Task description
A word-for-word copy of the data, pictures excluded, is what this task asks for.

Data extract
_ _ _ _ _

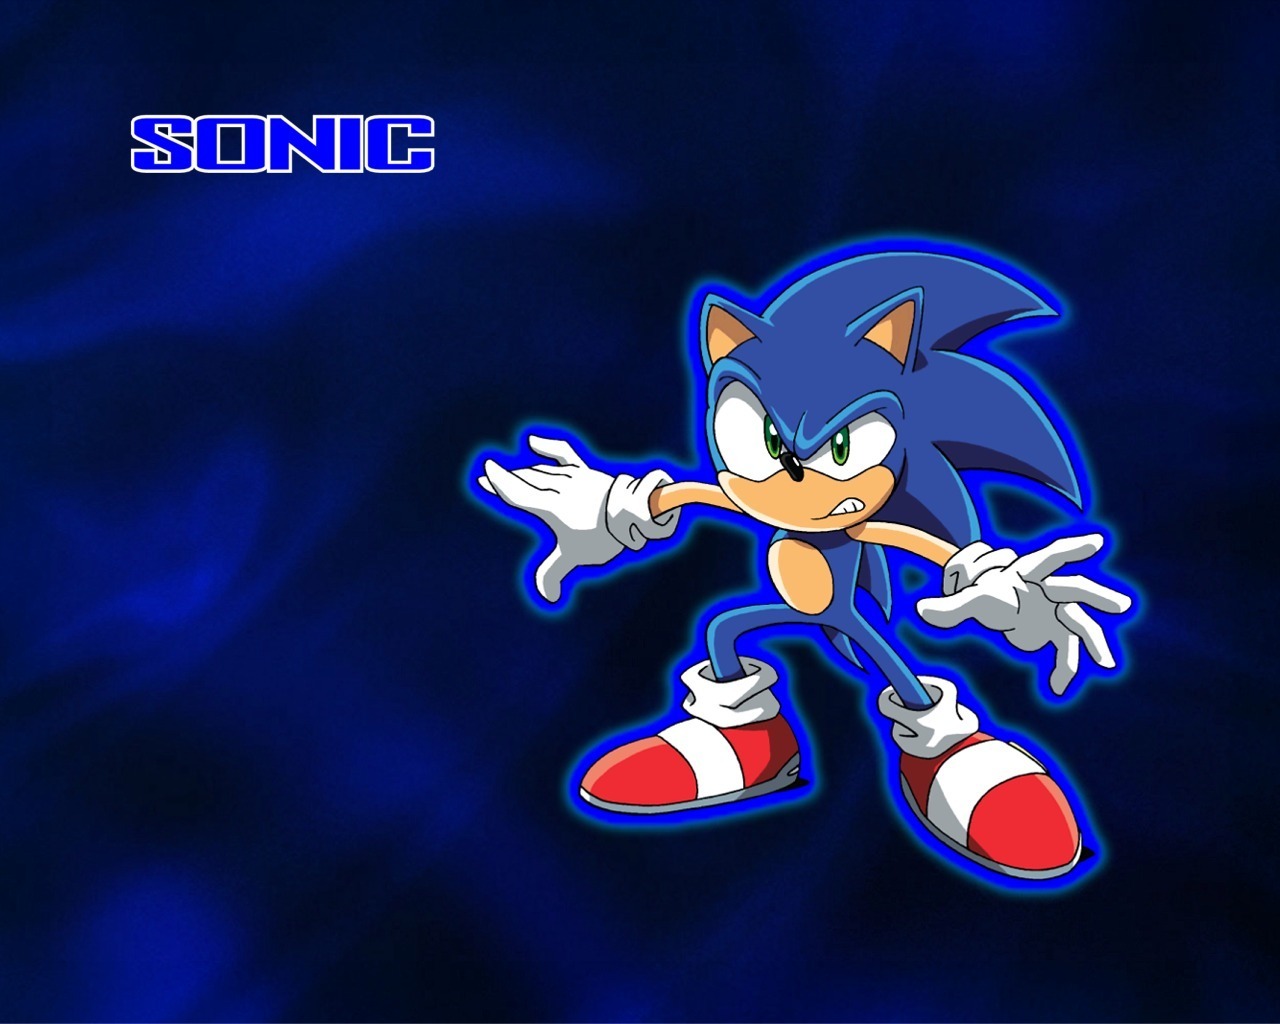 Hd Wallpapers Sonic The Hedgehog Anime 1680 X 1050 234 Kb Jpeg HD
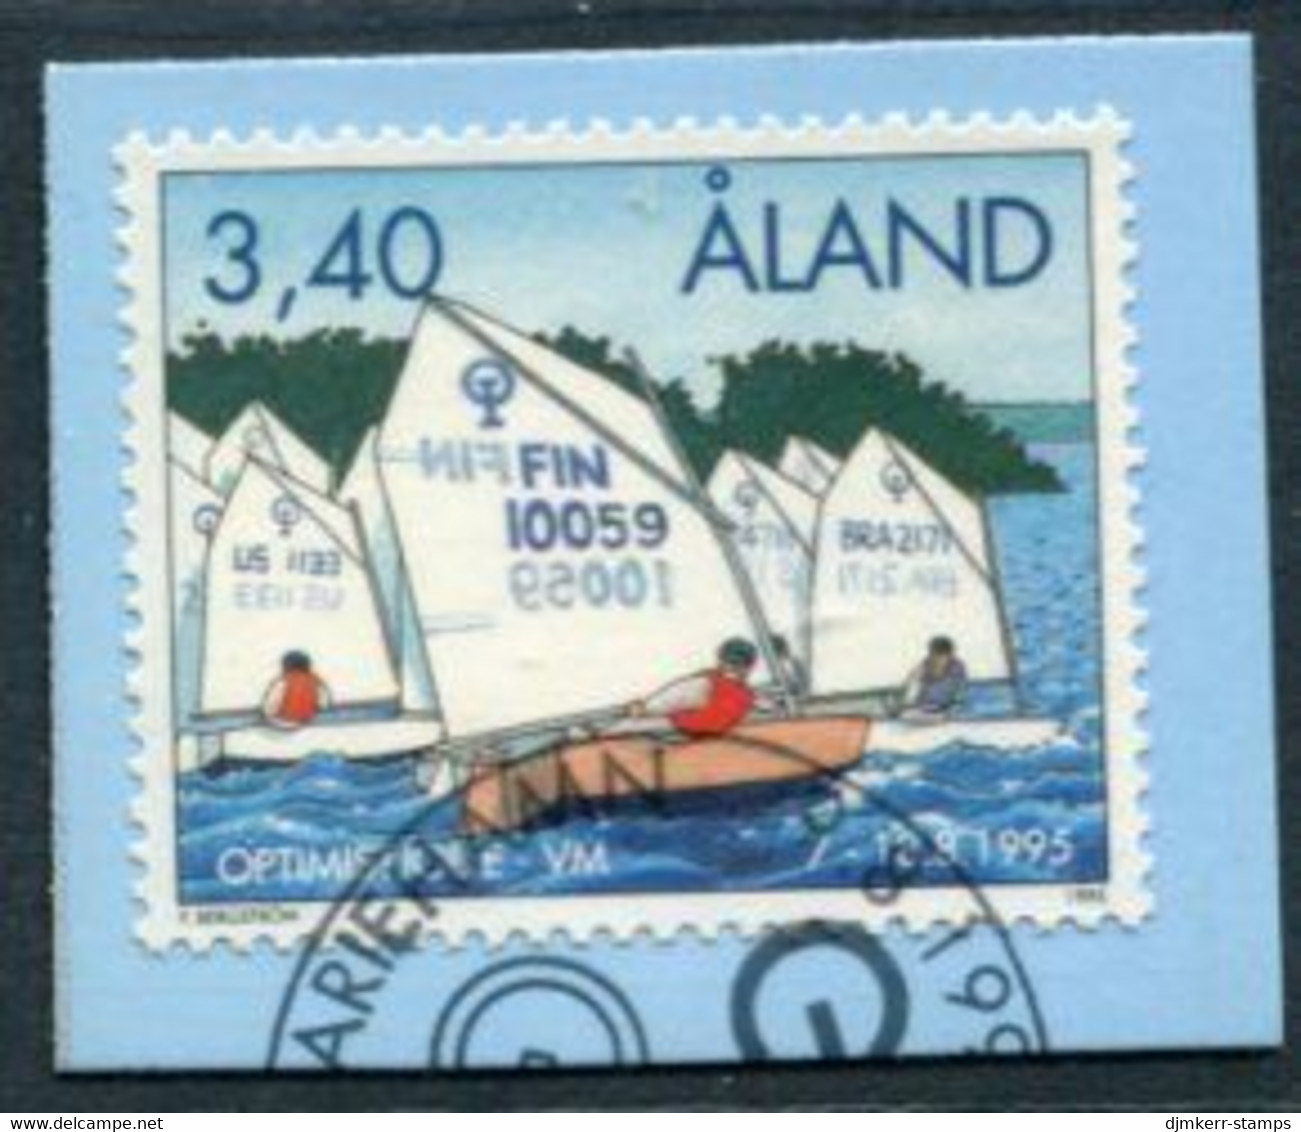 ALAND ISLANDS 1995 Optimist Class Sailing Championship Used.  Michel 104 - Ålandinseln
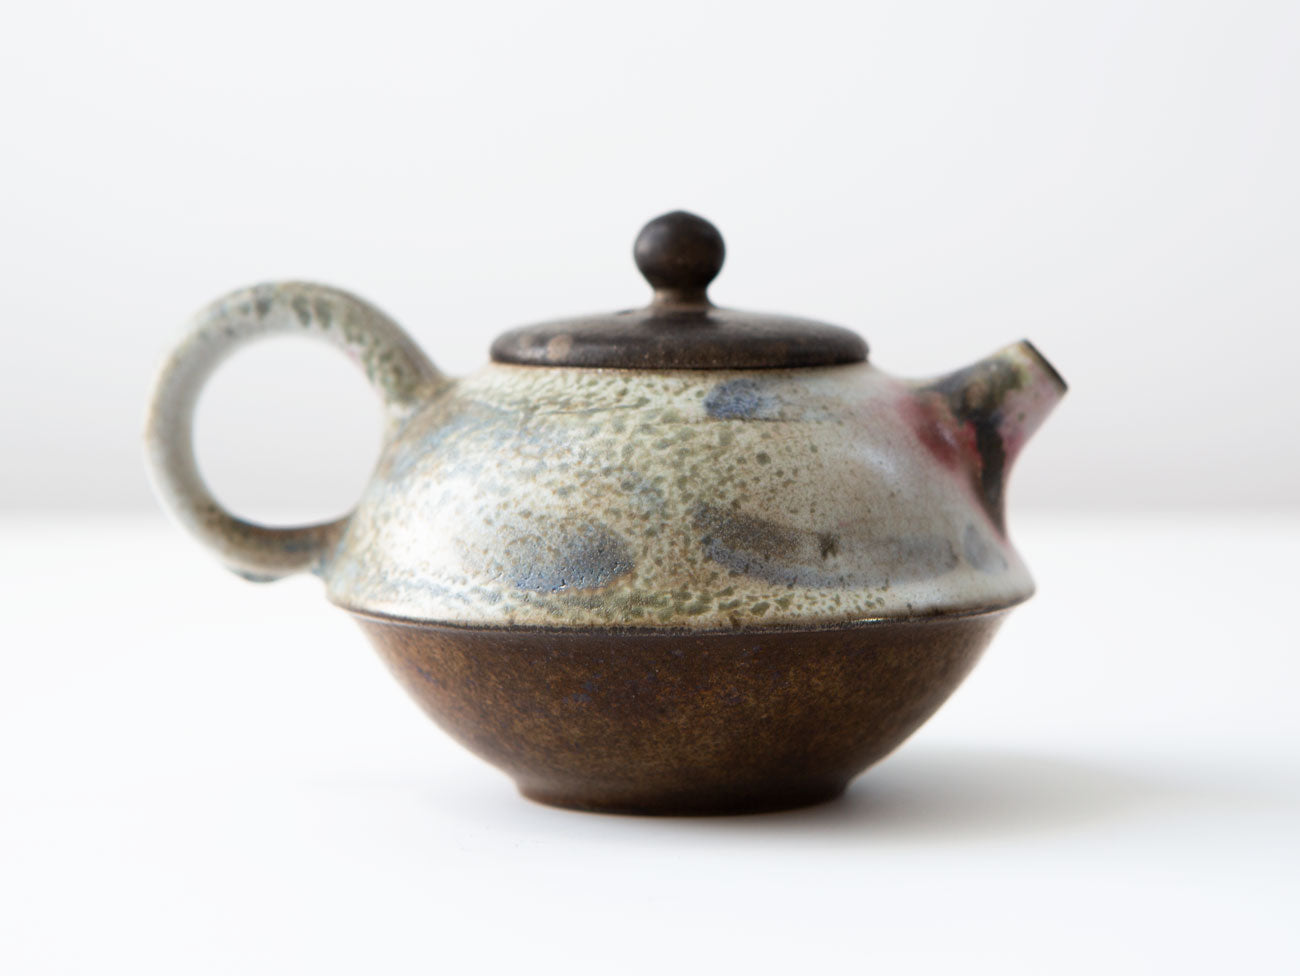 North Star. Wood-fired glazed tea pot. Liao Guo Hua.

_ _ _ _ _

Answer for this exercise
 Hd Wallpapers Sonic The Hedgehog Anime 1680 X 1050 234 Kb Jpeg HD
 ALAND ISLANDS 1995 Optimist Class Sailing Championship Used.  Michel 104 - Ålandinseln
 North Star. Wood-fired glazed tea pot. Liao Guo Hua.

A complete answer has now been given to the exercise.